Affordable Housing Credit Improvement Act Gaining Support

Since its introduction in June 2019, the Affordable Housing Credit Improvement Act has garnered more support and co-sponsorships from Congressional members. If enacted into law, the legislation will increase the annual allocation of low-income housing tax credits by 50 percent and would expand the tax-exempt bond program. If this happens, it will result in the building of more than 450,000 additional affordable housing units over the next ten years and generate $48.5 billion in wages and business income, $19.1 billion in tax revenue, and 510,000 jobs. As of October 1, 2019, the bill has 93 sponsors and co-sponsors in the house (over 21 percent of all House members) and 22 sponsors and co-sponsors in the Senate (22 percent of all Senators). While the remaining legislative year is short, it is possible that this Act could become law this year. If not, based on the growing Congressional support, a 2020 passage will certainly be possible.

Social Security COLA - 2020

The federal government announced on October 10, 2019 that the Social Security Cost of Live Adjustment (COLA) for 2020 will be 1.6%.  This increase will provide an additional $24 per month for the average retiree. This is significantly less than the 2019 increase of 2.8% and will not keep up with the actual cost of living for seniors who depend on SS as their primary source of income.
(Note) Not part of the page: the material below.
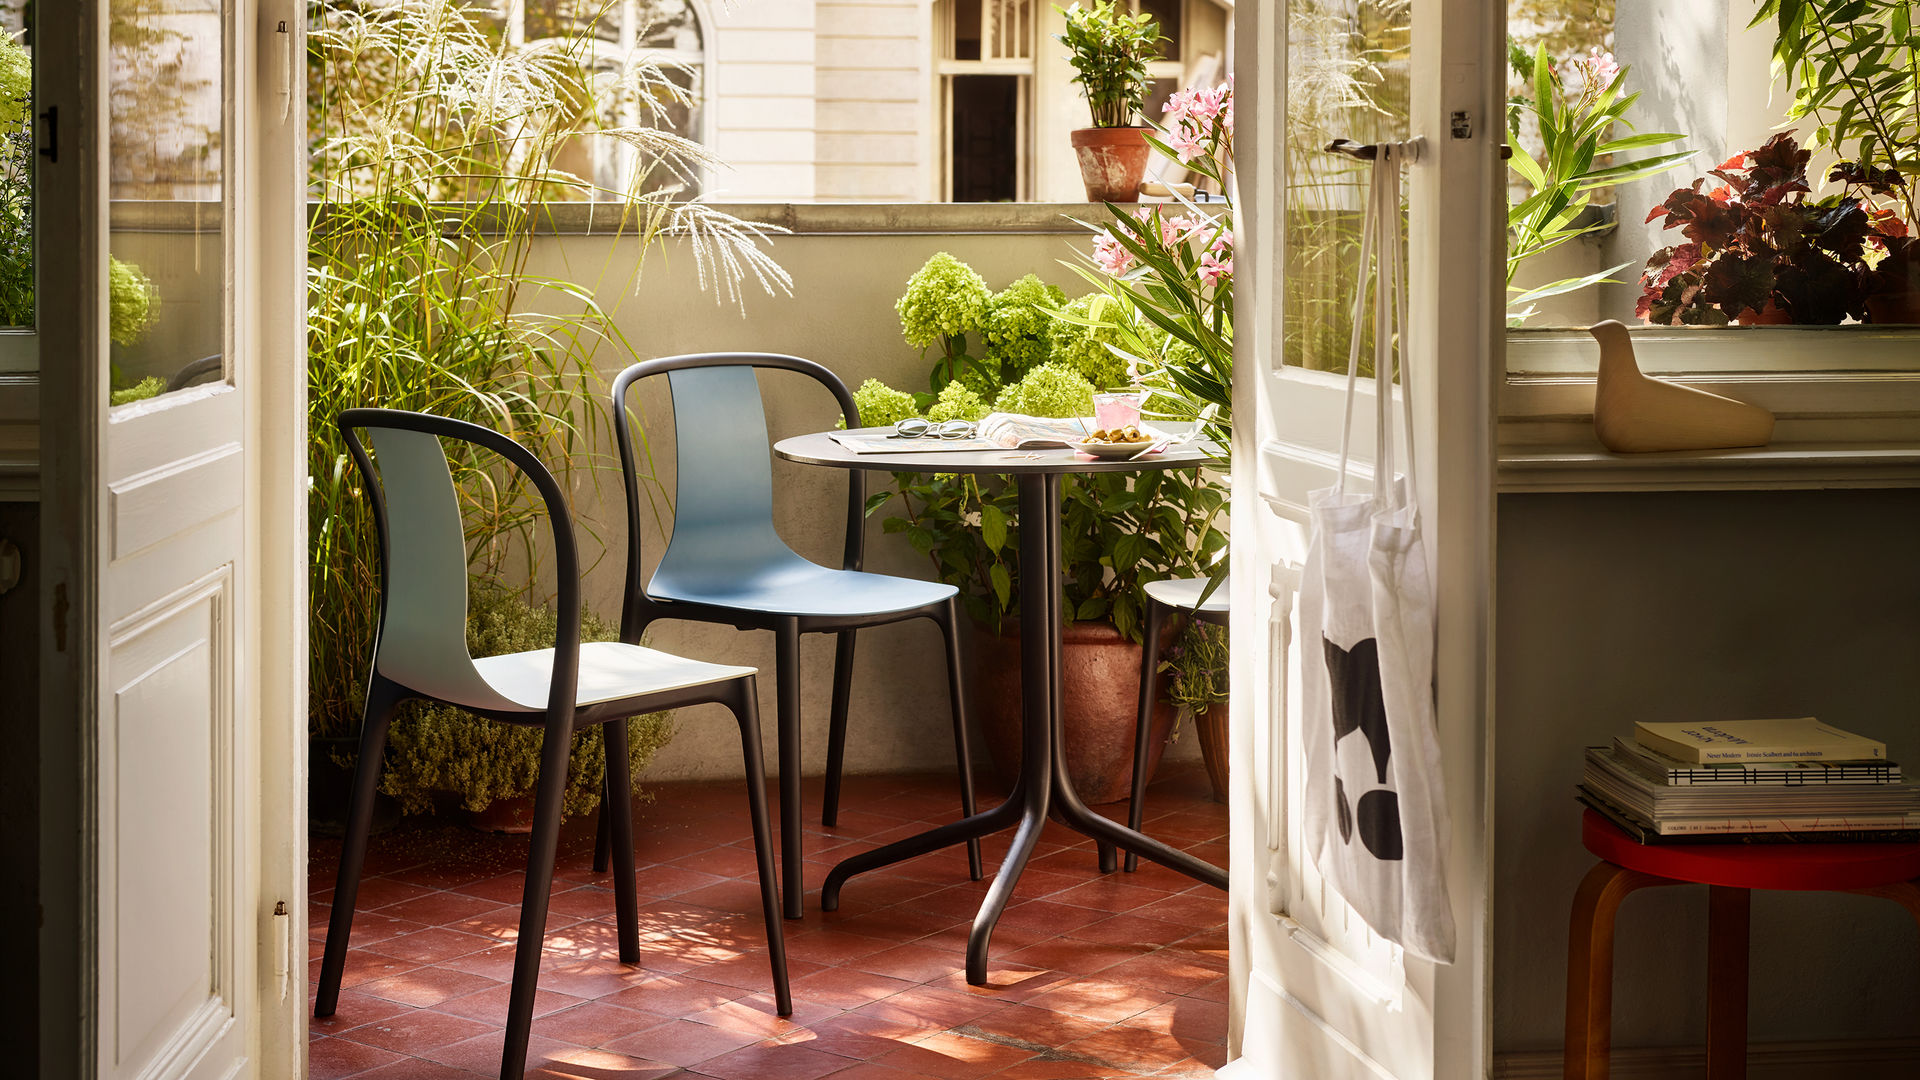 Belleville Chair Belleville Table outdoor_web_16-9

Social Security recipients will receive a notice in the mail in early December showing their new benefit amount. Recipients will see the increase in their January 2020 payment. Owners and managers of properties that are required to determine the income of residents should use the new COLA SS rate when projecting the income of applicants and residents. This also affects persons receiving SSI, VA pensions, Civil Service Pensions and Railroad Retirement.